Task goal :: Look below for the line holding "All your experiences, the" and the line holding "Tom Clancy's: The". Transcribe exactly those lines and all lines between them, nothing more.

────────────────

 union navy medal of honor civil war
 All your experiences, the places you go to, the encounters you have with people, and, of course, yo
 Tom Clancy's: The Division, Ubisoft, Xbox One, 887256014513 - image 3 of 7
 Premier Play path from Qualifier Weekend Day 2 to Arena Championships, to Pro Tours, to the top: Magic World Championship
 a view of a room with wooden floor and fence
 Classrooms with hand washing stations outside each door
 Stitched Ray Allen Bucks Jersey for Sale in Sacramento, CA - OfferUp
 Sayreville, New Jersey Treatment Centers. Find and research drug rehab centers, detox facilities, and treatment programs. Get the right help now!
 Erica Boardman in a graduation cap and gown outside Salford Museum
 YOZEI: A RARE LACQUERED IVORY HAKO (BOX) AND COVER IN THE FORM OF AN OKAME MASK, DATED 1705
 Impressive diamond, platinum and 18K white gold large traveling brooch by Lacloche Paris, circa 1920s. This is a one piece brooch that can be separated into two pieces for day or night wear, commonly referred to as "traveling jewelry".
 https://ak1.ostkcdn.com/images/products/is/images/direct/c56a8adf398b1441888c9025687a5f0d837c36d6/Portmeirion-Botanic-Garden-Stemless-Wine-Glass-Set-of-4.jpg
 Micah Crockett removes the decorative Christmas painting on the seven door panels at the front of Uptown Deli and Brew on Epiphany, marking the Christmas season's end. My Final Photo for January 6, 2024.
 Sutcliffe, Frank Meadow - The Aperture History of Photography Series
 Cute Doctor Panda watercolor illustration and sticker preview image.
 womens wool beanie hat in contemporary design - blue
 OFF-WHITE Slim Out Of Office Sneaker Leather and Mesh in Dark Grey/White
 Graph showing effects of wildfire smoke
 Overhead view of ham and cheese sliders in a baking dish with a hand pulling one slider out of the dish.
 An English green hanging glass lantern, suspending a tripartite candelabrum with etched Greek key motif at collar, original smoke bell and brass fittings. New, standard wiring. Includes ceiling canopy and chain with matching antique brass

────────────────

Finished task ::
 All your experiences, the places you go to, the encounters you have with people, and, of course, yo
 Tom Clancy's: The Division, Ubisoft, Xbox One, 887256014513 - image 3 of 7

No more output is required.